Table 4 Performance comparison among real-value RSA predictors

Knowledge retrieval from informative PCPs

The amino acid residues were defined as hydrophobic and hydrophilic using the Kyte-Doolittle index [31]. This definition, which specifies Ala, Cys, Ile, Leu, Met, Phe, and Val as hydrophobic residues, was used in another thermodynamic study on peptides [39]. In the present study, the PCPs that were used to predict RSA of hydrophobic and hydrophilic residues were compared and analyzed.

Lesk et al. [40] suggested that surface exposure of hydrophilic residues and burying of hydrophobic residues minimize the free energy of a protein. This concept has been successfully applied in most protein folding studies and protein engineering methods. Nonetheless, there are still some protein folding cases not conforming to this principle. For example, Reidhaar-Olson and Sauer [41] used the λ-repressor to analyze the acceptable substitutions of residues. The results revealed that among most positions on the surface, many positions tolerate substitution of hydrophilic residues with hydrophobic ones and vice versa. Some positions have a strong preference for hydrophilic residues. There are still some results indicating that positions containing exposed hydrophobic residues show a strong preference for hydrophobic residues. Leu12, one of the two exposed hydrophobic residues, in helix 1 of the λ-repressor can be substituted with one of 10 amino acids including six hydrophobic ones. Two of the five exposed positions in α-helix 5 can contain only a hydrophobic residue. At these two positions, Ile84 cannot be substituted and Met87 can be changed only to Leu. This phenomenon indicates that there are some protein folding principles that are unknown to science.

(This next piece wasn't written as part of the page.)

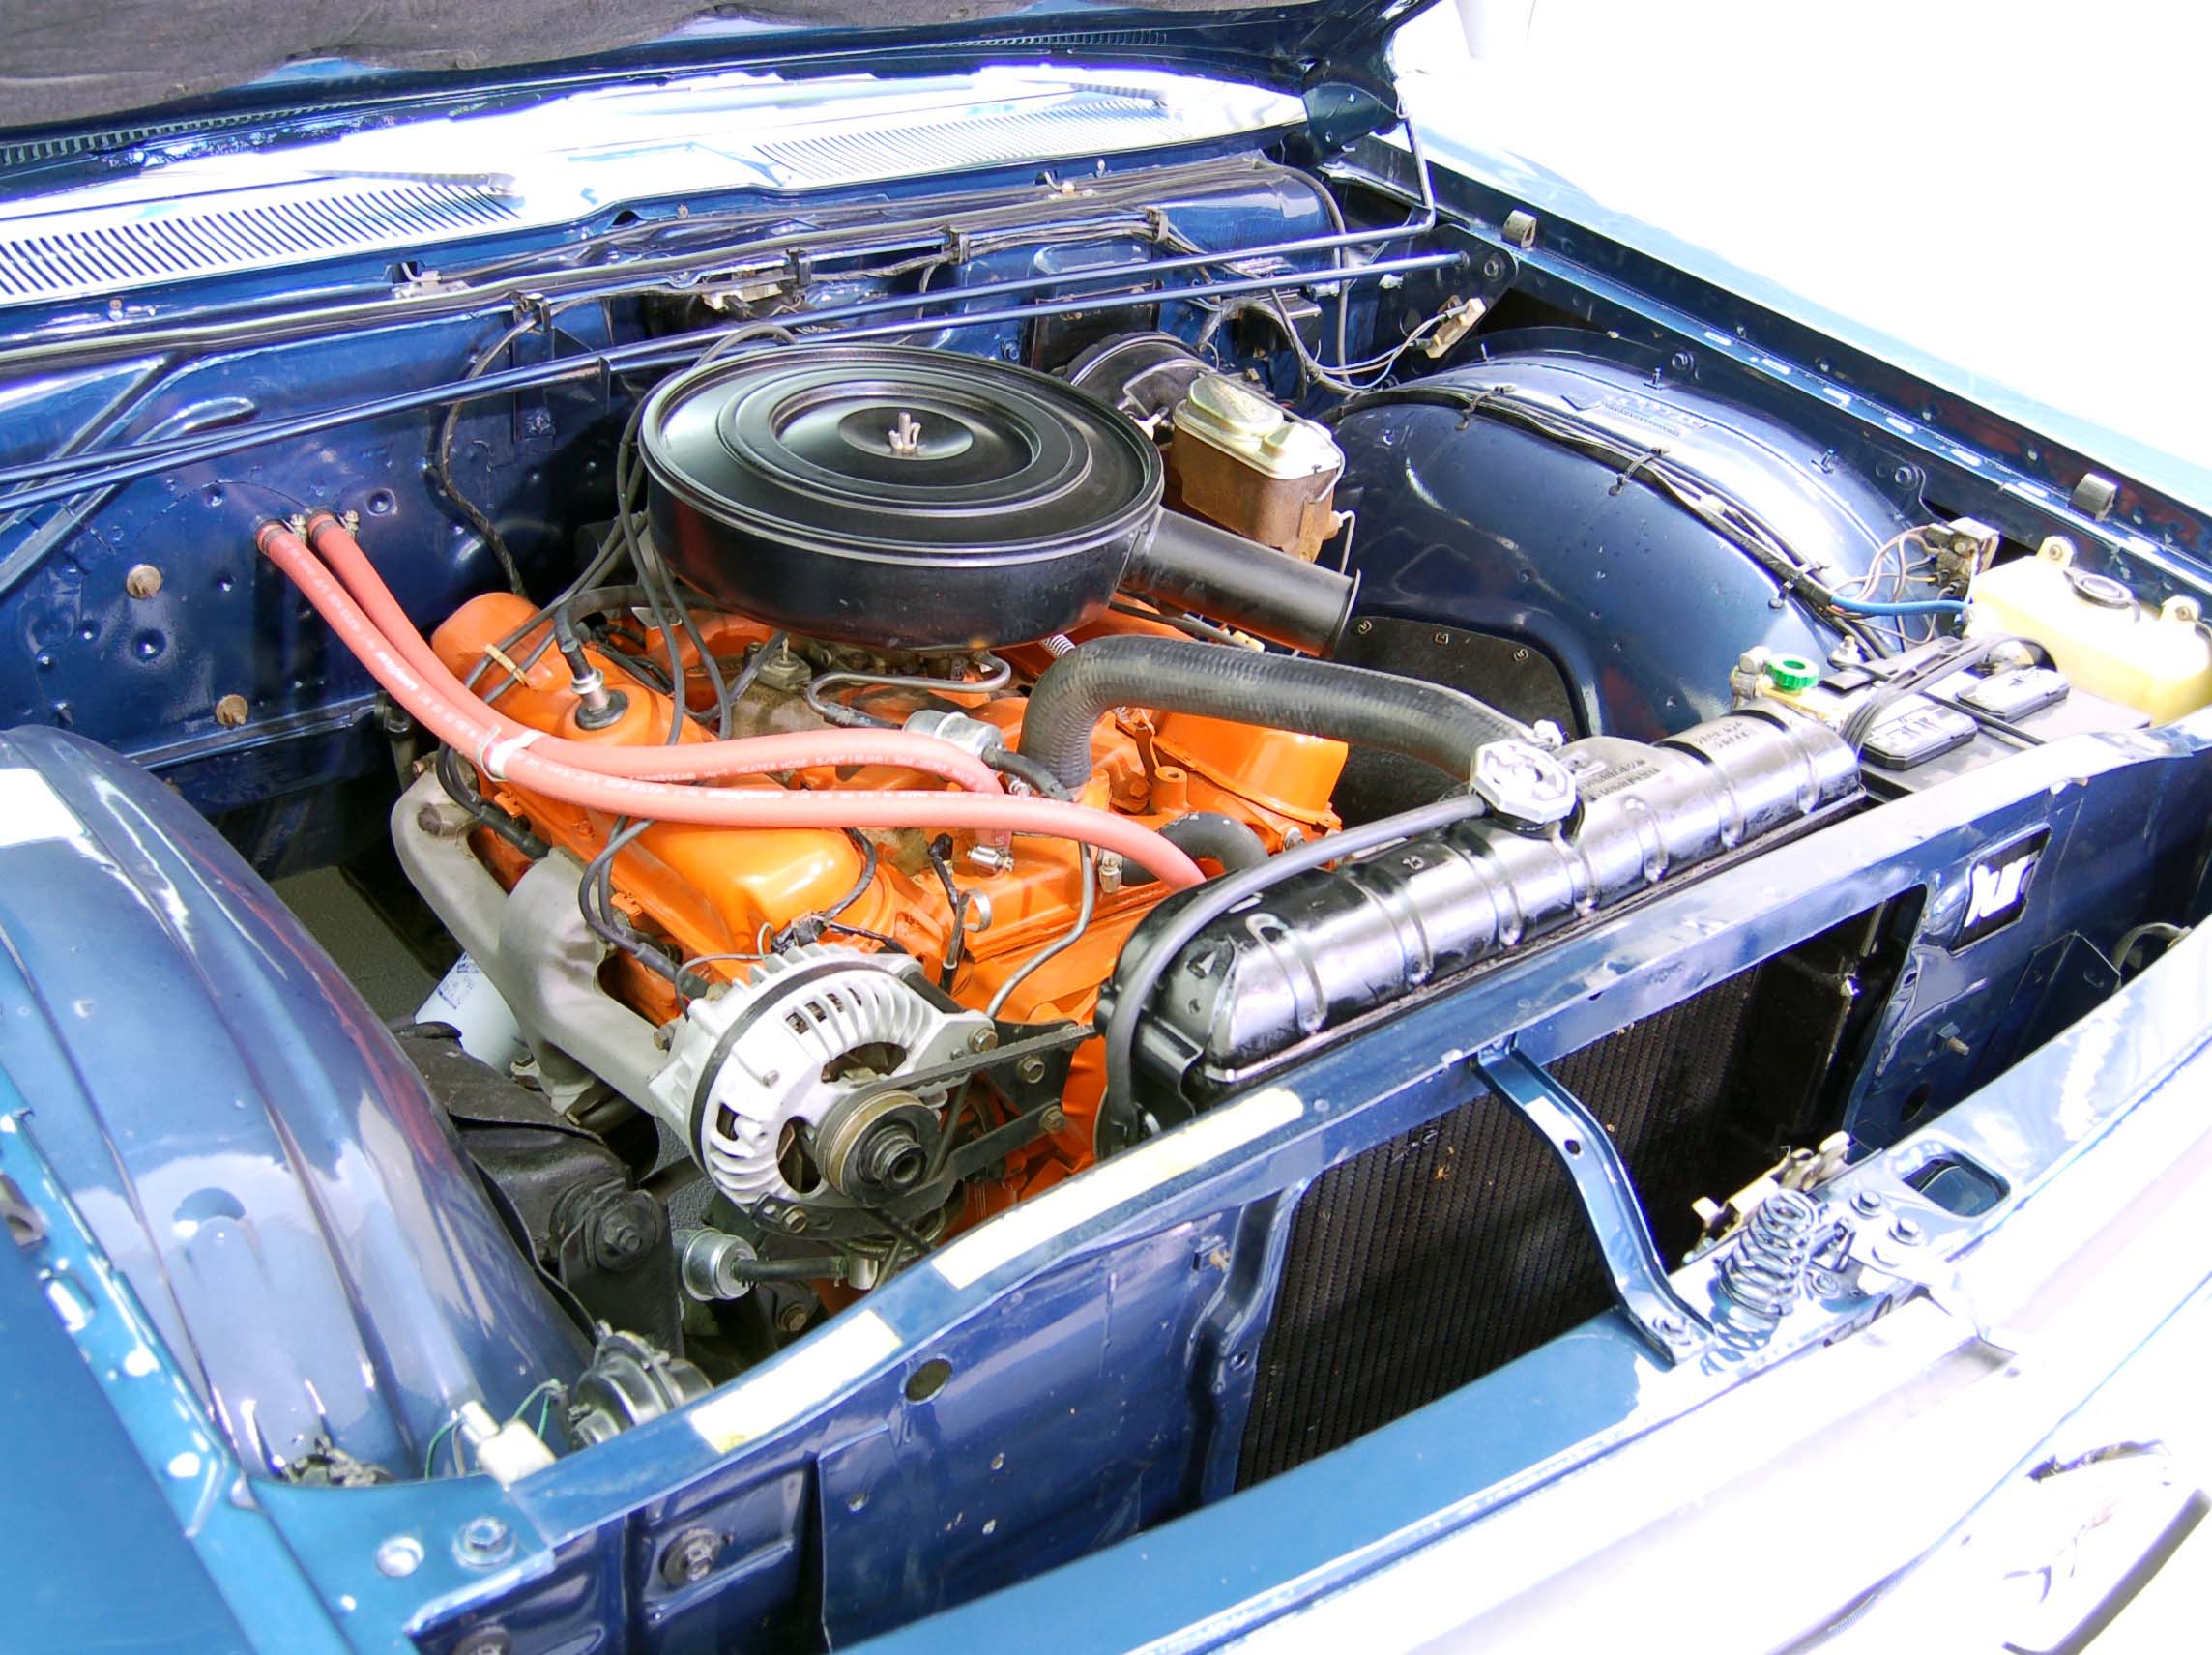 1967 Plymouth Fury III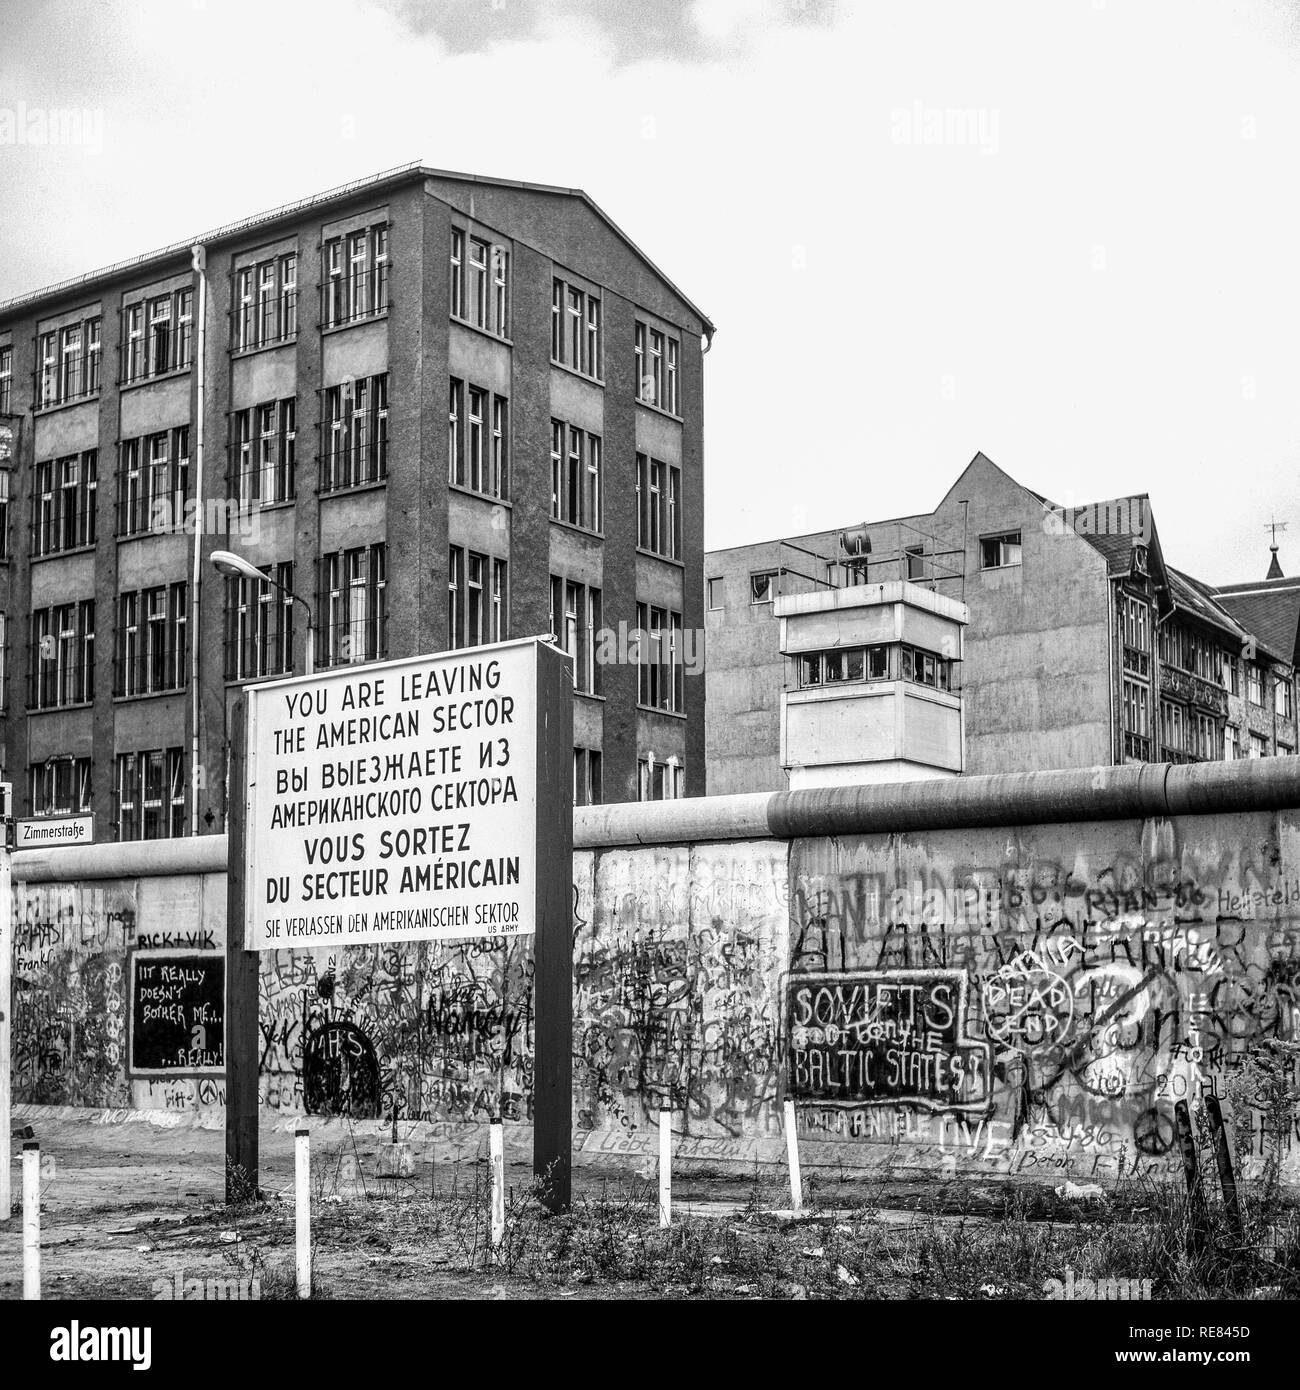 August 1986, leaving American sector warning sign, Berlin Wall graffitis, East Berlin watchtower, Zimmerstrasse street, West Berlin, Germany, Europe, Stock Photo

To retrieve more knowledge from our RSA predictors, all the feature sets were compiled according to the binary property: hydrophobic or hydrophilic residues. The RSA predictors were analyzed according to the PCPs used in hydrophobic-residue predictions, hydrophilic-residues predictions, or PCPs used in predictions related to hydrophobic and hydrophilic residues. The results are listed in Additional file 1.

Among the PCPs appearing both in hydrophilic-residue and hydrophobic-residue RSA predictors, BIOV880101 and BIOV880102 were generated from globular proteins. These features—which can be described as “Information value for accessibility; average fraction 35%” and “Information value for accessibility; average fraction 23%”—are the accessibility scales with a different average fraction for different amino acid residues. Because these PCPs are statistical results of RSA, combining these two PCPs within the RSA predictor improved the performance. The other PCPs including the hydrophobicity properties (e.g., GUOD860101, CIDH920103, and MITS02101) and secondary-structure properties (e.g., CHOP780211, MAXF760104, and PALJ810113) suggest that the peptide conformation properties are important for prediction of RSA. Secondary-structure information contributing to prediction of RSA is in agreement with the results of other researchers [1120], who predicted hydrophilic and hydrophobic residues using single models directly using the secondary structure probability from other secondary structure predictors.

Among the PCPs that appear only in hydrophilic predictors, the PCPs containing 29 parameters were categorized into three types. In the first type, the PCPs correlate with hydrophobicity, such as CORJ870105, JANJ790102, and GEIM800109. This type of PCP constitutes 37% (11/29) of the parameters of all the PCPs appearing only in hydrophilic predictors. The second type is the feature correlating with maintenance of protein structures, such as salt bridge formation and hydrogen-bounding properties. There are three parameters of this type: FAUJ880109, RACS770103, and RACS770103. One study [9] showed that a salt bridge and hydrogen bonding from the side chain are mediated by hydrophilic residues. On the other hand, those residues forming the hydrogen bonds and salt bridges will be buried in the interior of proteins. The PCPs of the third type are the features corresponding to active sites, such as the orientation and electrostatic properties. Those PCPs include FAUJ880102, FAUJ880103, JANJ790102, SIMZ760101, RACS770103, RACS820109, RACS820110, and RADA880103. Although the active-site residues interact with solvent and substrate molecules, these residues are buried. Bartlett et al. [8] analyzed 178 active sites of enzymes. In the solvent accessibility analysis, 89% of the catalytic residues showed the RSA less than 30%. Moreover, approximately 50% and 25% of catalytic residues had RSA of 0–10% and 10–20%, respectively; 5% of all catalytic residues had 0% RSA.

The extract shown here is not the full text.